• WHAT IS NEEDED: A verbatim reproduction of the lines below, from the line containing "Сотовый оператор Tele2" through the line containing "Resultado de imagen", both ends included, is the whole required output.

____ EXTRACTED MATERIAL

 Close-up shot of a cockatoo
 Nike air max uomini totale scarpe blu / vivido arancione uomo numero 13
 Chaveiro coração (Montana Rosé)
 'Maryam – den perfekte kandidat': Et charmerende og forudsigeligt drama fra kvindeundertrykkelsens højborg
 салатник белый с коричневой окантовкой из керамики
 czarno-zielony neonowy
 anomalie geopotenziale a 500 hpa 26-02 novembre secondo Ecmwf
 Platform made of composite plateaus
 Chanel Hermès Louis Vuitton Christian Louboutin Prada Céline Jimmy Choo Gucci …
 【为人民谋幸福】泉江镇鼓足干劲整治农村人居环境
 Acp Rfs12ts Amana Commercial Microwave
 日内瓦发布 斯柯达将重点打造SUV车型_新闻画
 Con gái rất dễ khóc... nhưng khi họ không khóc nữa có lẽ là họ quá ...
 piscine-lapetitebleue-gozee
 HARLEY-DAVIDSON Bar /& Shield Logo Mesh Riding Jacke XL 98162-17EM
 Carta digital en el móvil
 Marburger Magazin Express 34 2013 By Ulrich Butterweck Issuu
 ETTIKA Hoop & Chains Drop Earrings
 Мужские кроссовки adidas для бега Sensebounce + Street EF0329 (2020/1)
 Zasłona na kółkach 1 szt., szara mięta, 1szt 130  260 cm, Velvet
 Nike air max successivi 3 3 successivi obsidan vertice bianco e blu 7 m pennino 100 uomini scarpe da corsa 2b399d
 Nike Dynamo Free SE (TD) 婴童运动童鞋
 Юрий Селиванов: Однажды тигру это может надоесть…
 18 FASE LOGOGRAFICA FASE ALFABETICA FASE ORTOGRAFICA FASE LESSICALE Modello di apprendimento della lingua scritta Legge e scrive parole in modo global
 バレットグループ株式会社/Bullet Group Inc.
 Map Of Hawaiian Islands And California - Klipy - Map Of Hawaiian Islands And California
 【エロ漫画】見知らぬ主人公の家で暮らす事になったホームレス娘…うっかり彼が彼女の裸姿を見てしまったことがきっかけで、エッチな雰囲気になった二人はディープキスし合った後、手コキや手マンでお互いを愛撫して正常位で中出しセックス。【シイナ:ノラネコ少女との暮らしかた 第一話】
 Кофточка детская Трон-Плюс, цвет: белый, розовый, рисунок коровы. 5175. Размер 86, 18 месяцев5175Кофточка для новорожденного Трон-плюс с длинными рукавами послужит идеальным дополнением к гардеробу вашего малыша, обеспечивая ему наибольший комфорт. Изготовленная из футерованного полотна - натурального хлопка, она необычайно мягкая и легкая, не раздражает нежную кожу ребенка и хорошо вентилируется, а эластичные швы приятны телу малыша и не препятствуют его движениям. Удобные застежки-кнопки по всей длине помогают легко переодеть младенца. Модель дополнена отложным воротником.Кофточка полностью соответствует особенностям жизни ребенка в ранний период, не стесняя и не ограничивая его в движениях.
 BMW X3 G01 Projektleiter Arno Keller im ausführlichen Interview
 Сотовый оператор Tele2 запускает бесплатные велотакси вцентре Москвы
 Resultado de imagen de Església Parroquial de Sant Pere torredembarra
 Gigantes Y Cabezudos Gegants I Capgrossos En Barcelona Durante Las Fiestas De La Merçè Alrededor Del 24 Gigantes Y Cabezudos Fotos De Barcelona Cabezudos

________

• WRITTEN SOLUTION:
 Сотовый оператор Tele2 запускает бесплатные велотакси вцентре Москвы
 Resultado de imagen de Església Parroquial de Sant Pere torredembarra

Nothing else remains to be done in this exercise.